▸ **What to do**
Line by line, print the records exactly, and keep images out of the copy.

▸ **Given information**

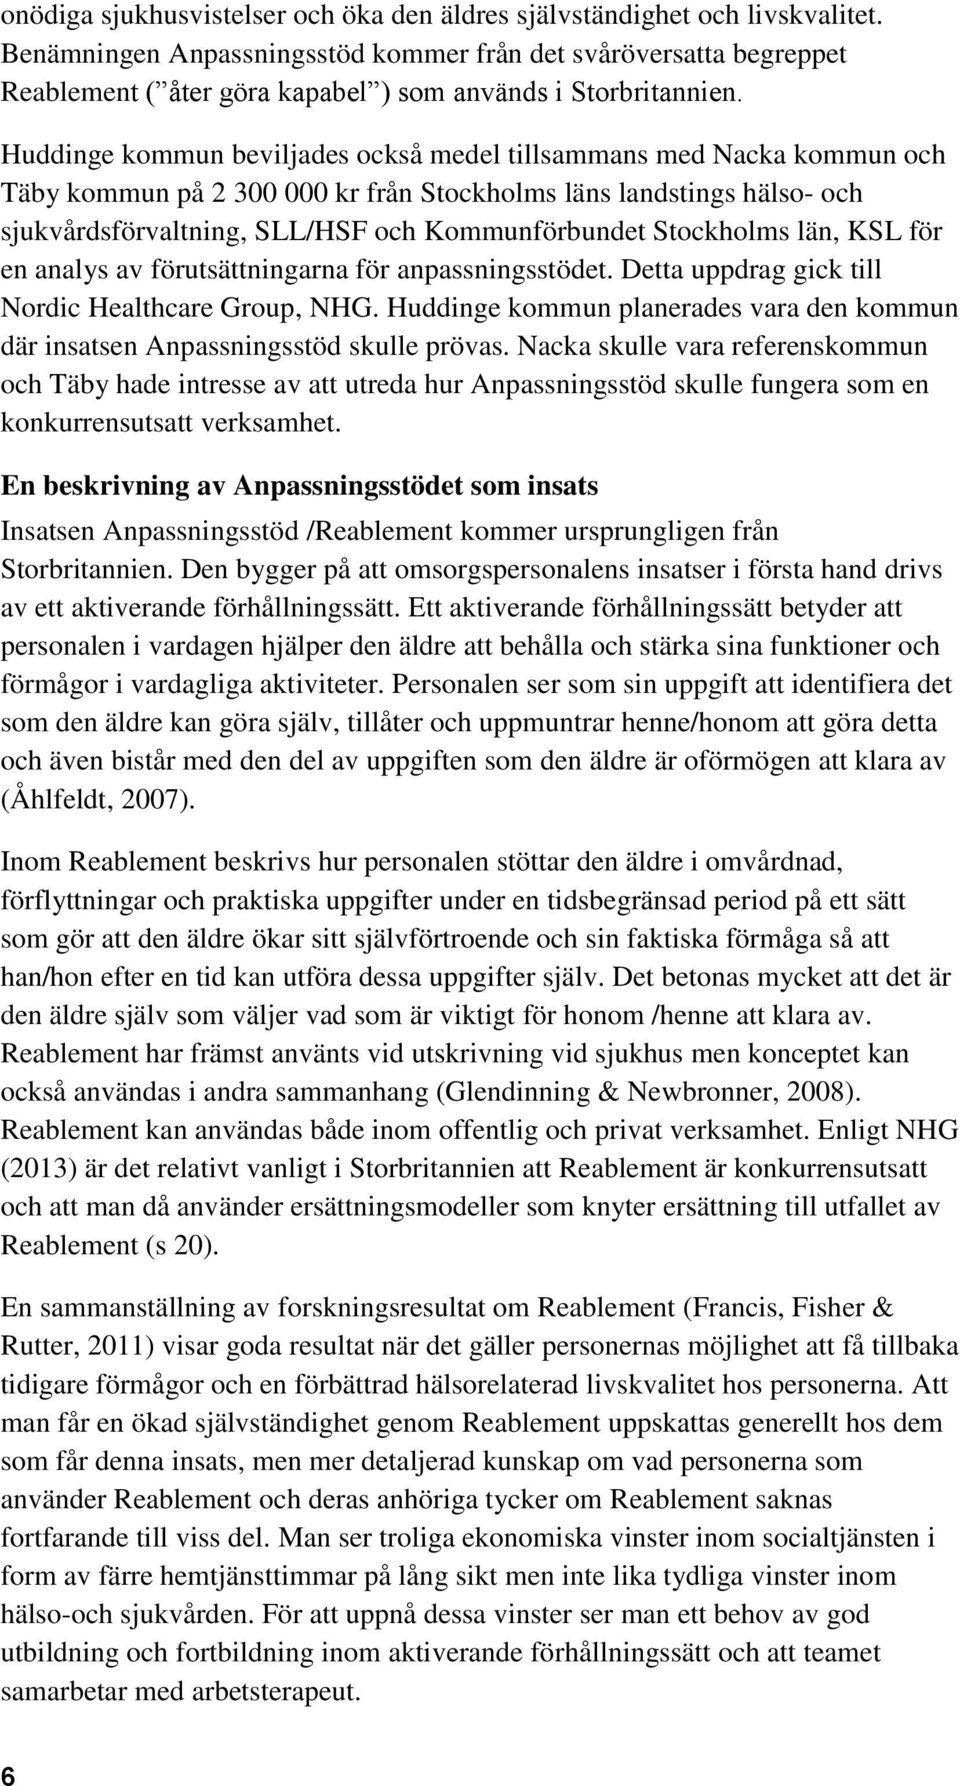 Huddinge kommun beviljades också medel tillsammans med Nacka kommun och Täby kommun på 2 300 000 kr från Stockholms läns landstings hälso- och sjukvårdsförvaltning, SLL/HSF och Kommunförbundet
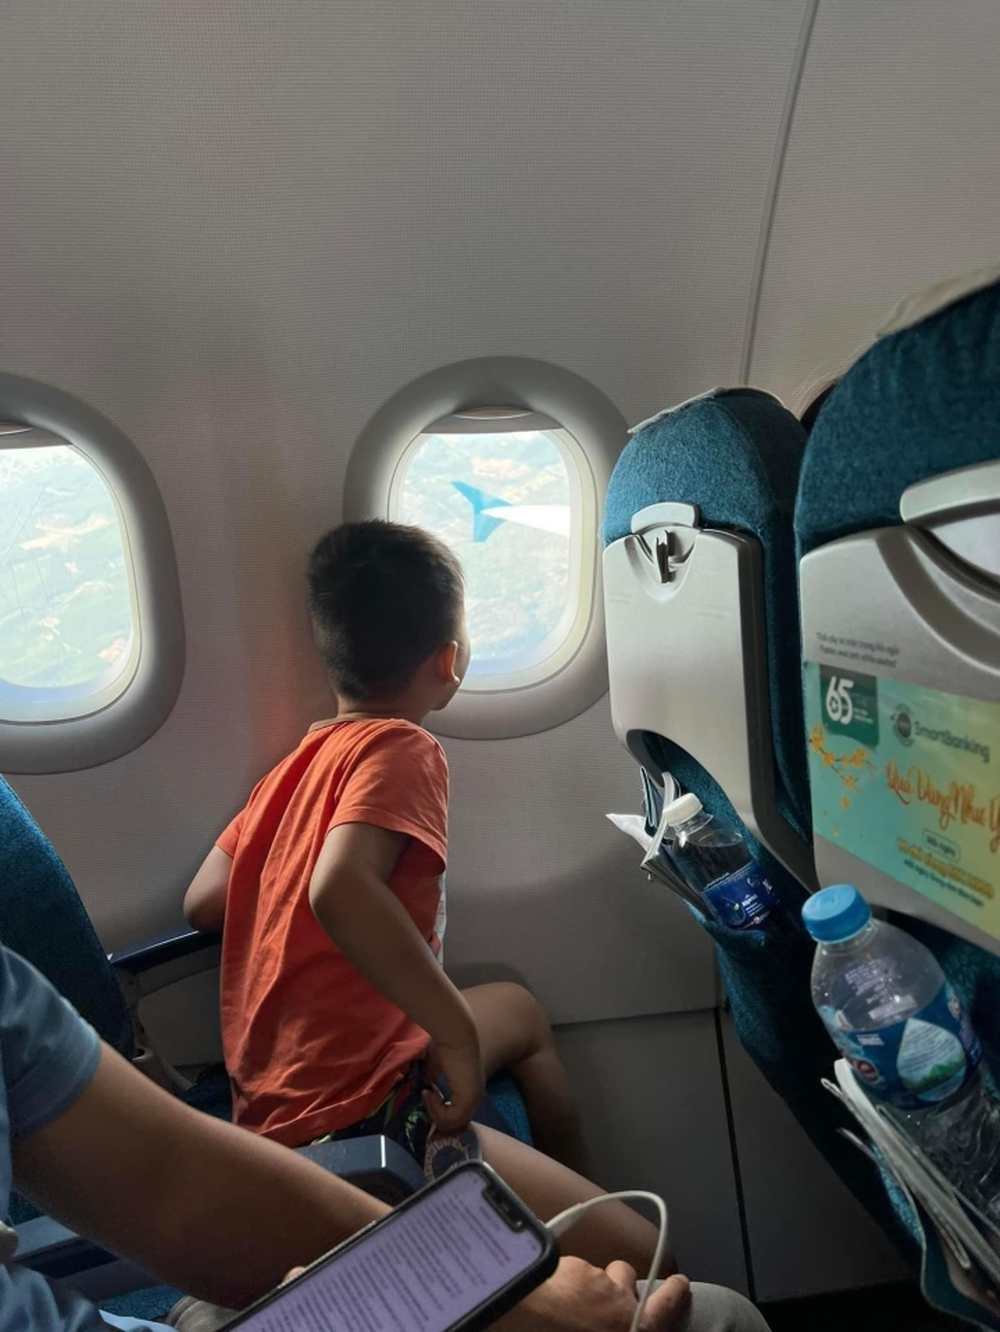 Màn ‘giao dịch’ của cậu bé lần đầu đi máy bay không được ngồi gần cửa sổ gây sốt - ảnh 2
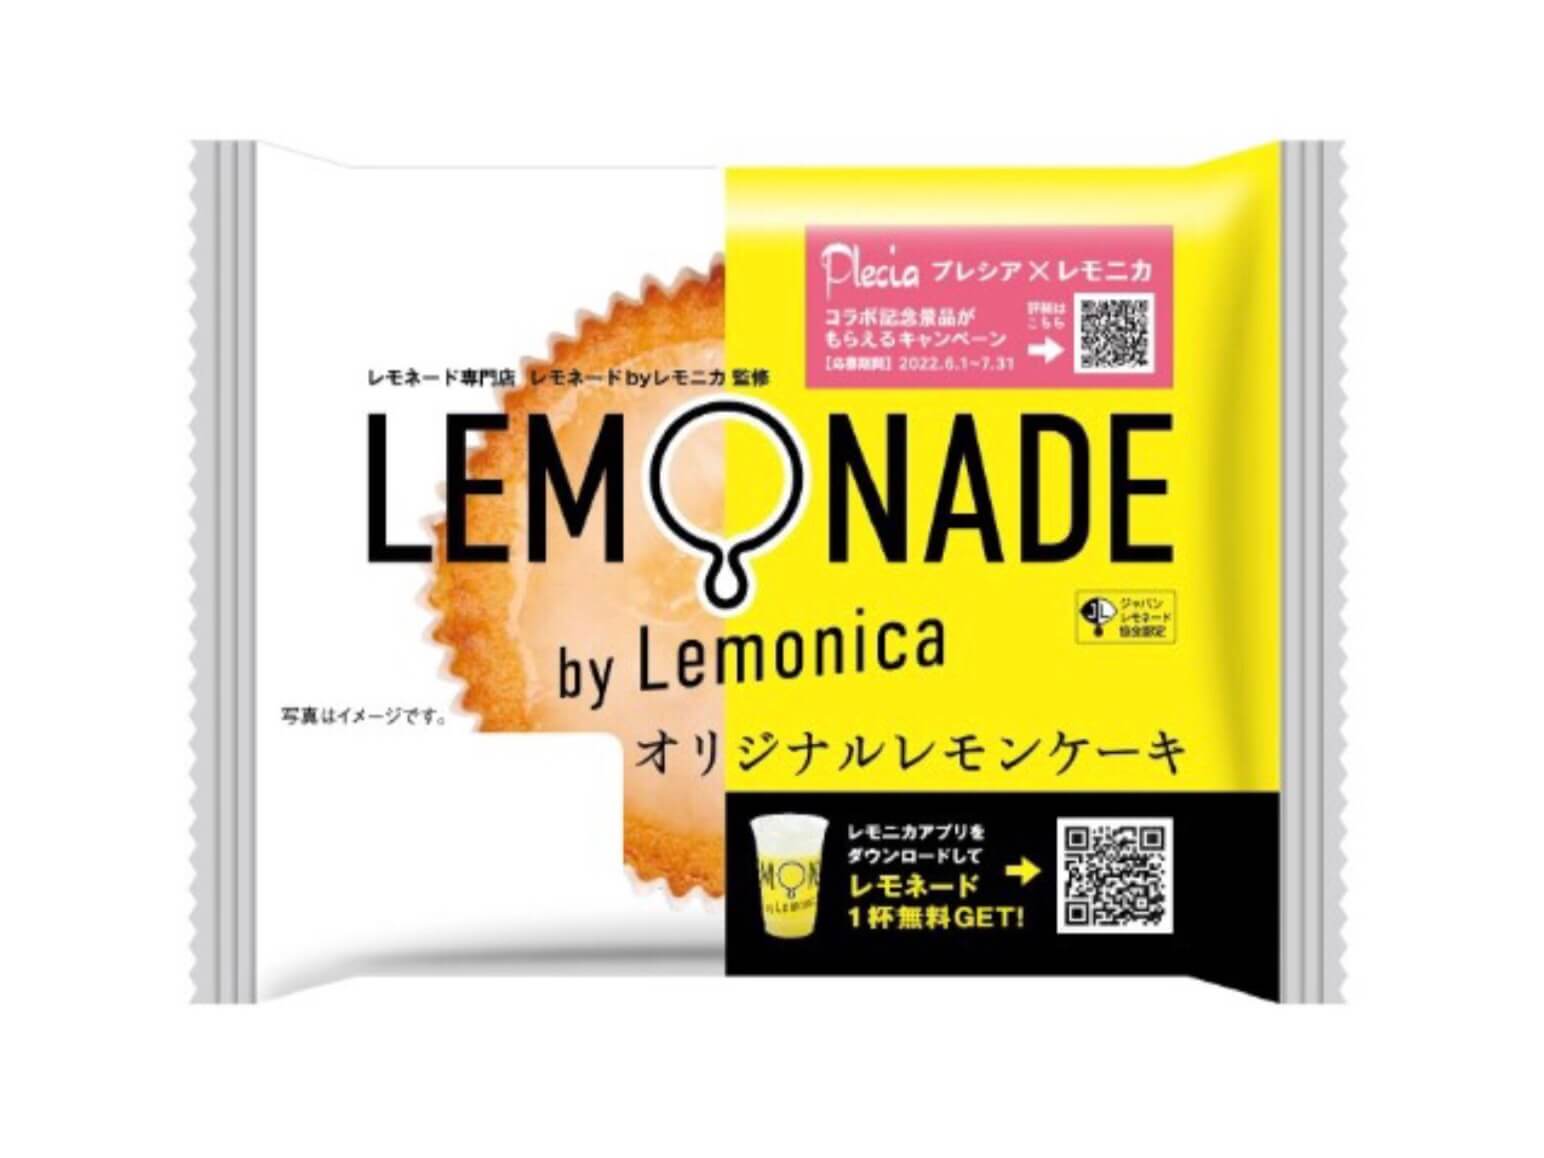 「LEMONADE by Lemonica(レモネード バイ レモニカ)」監修のコラボスイーツ-オリジナルレモンケーキ
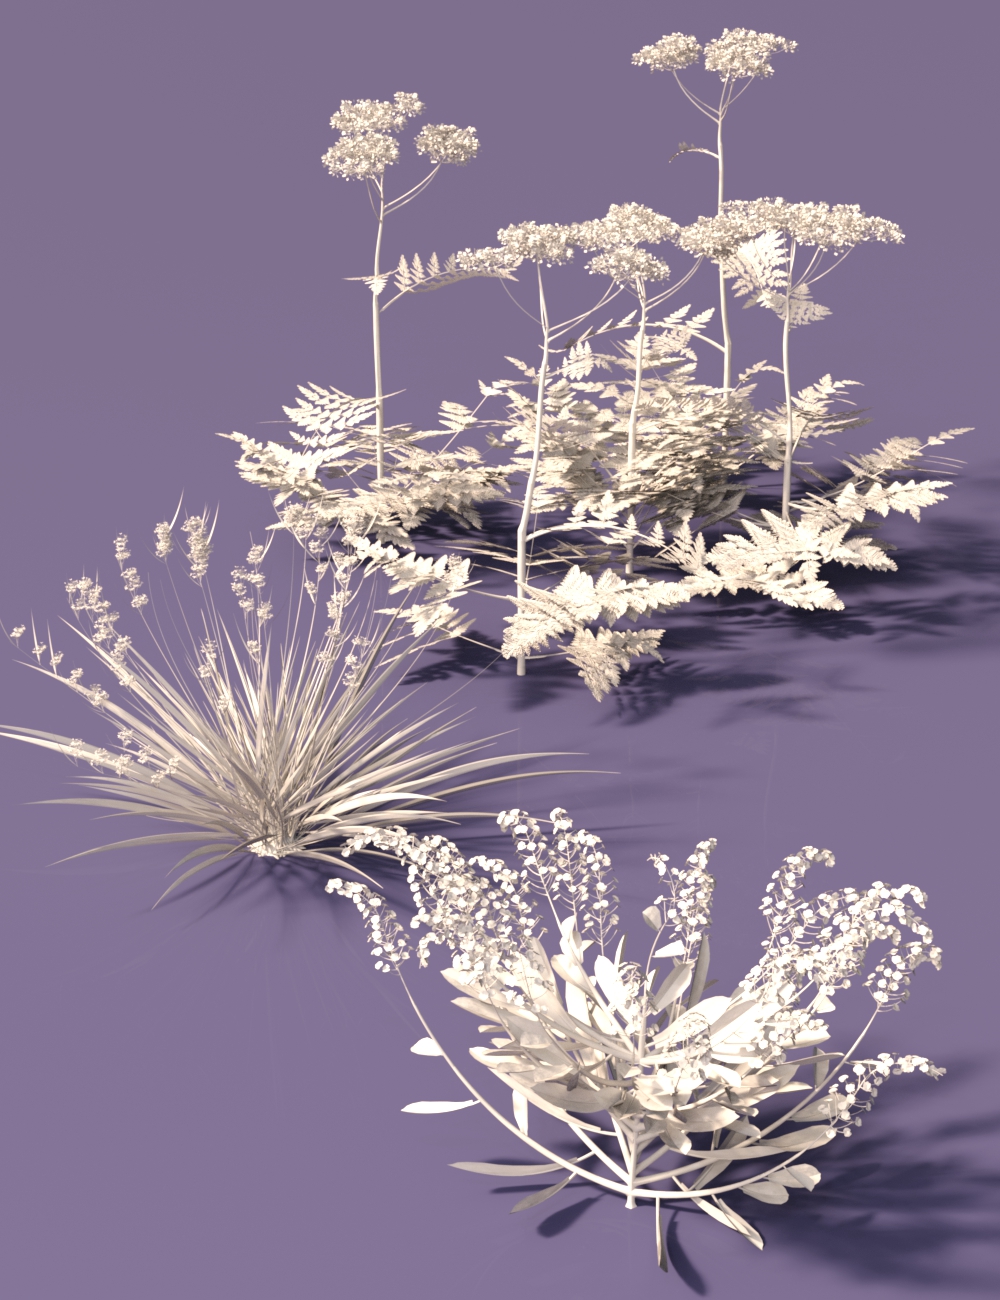 Woodland Wild Flower Plants for Daz Studio by: MartinJFrost, 3D Models by Daz 3D
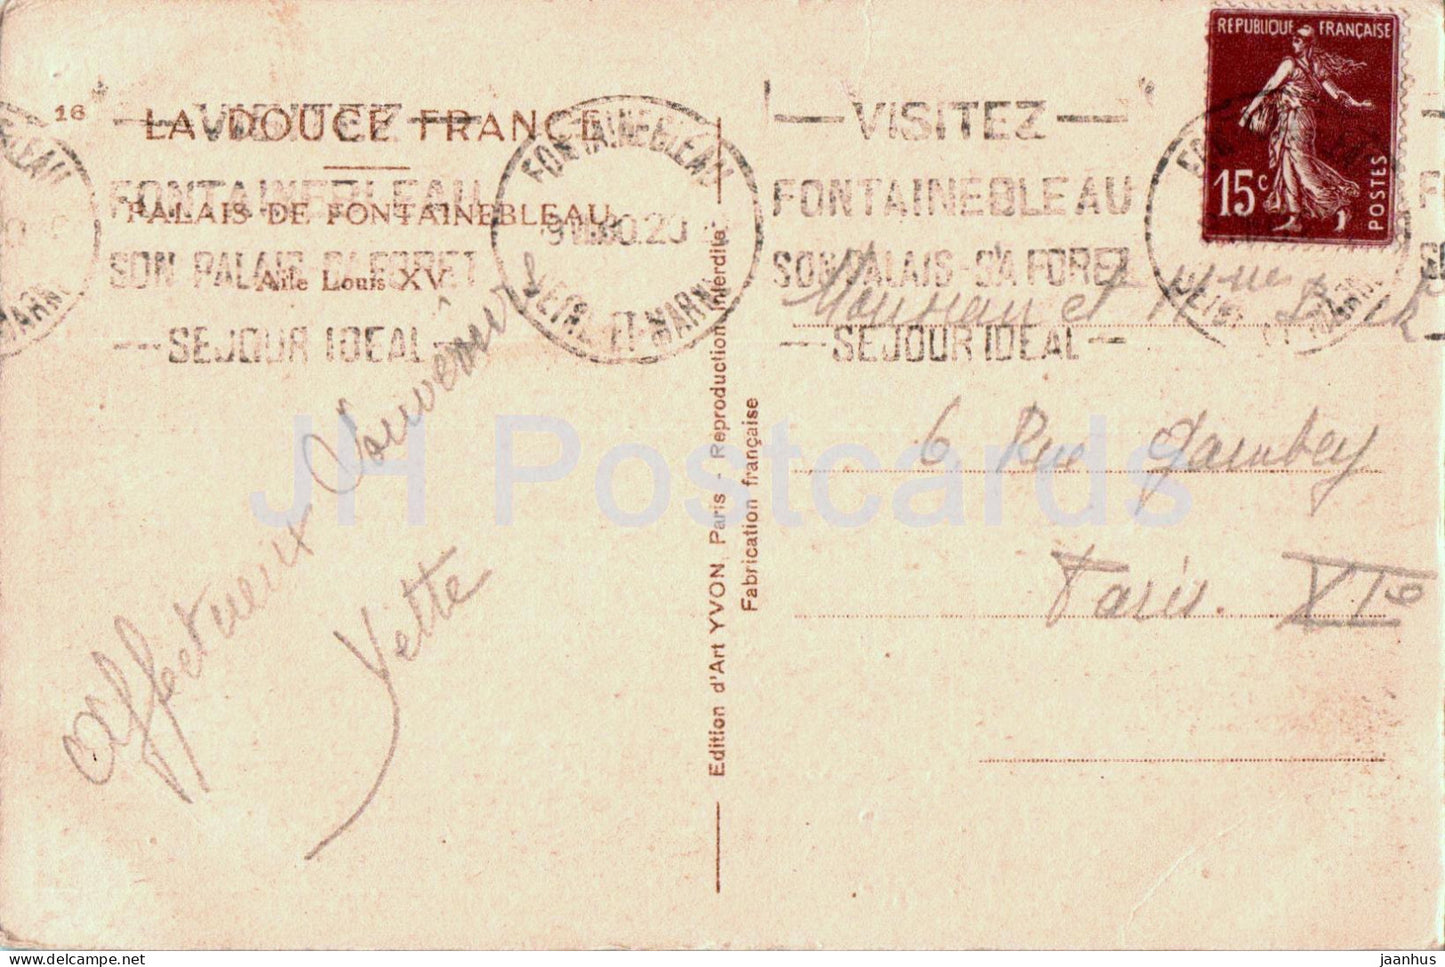 Palais de Fontainebleau - Aile Louis XV - 16 - alte Postkarte - 1930 - Frankreich - gebraucht

▸ **Exercise solution**
 Huddinge kommun beviljades också medel tillsammans med Nacka kommun och Täby kommun på 2 300 000 kr från Stockholms läns landstings hälso- och sjukvårdsförvaltning, SLL/HSF och Kommunförbundet
 Màn ‘giao dịch’ của cậu bé lần đầu đi máy bay không được ngồi gần cửa sổ gây sốt - ảnh 2
 「LEMONADE by Lemonica(レモネード バイ レモニカ)」監修のコラボスイーツ-オリジナルレモンケーキ
 Woodland Wild Flower Plants for Daz Studio by: MartinJFrost, 3D Models by Daz 3D
 Palais de Fontainebleau - Aile Louis XV - 16 - alte Postkarte - 1930 - Frankreich - gebraucht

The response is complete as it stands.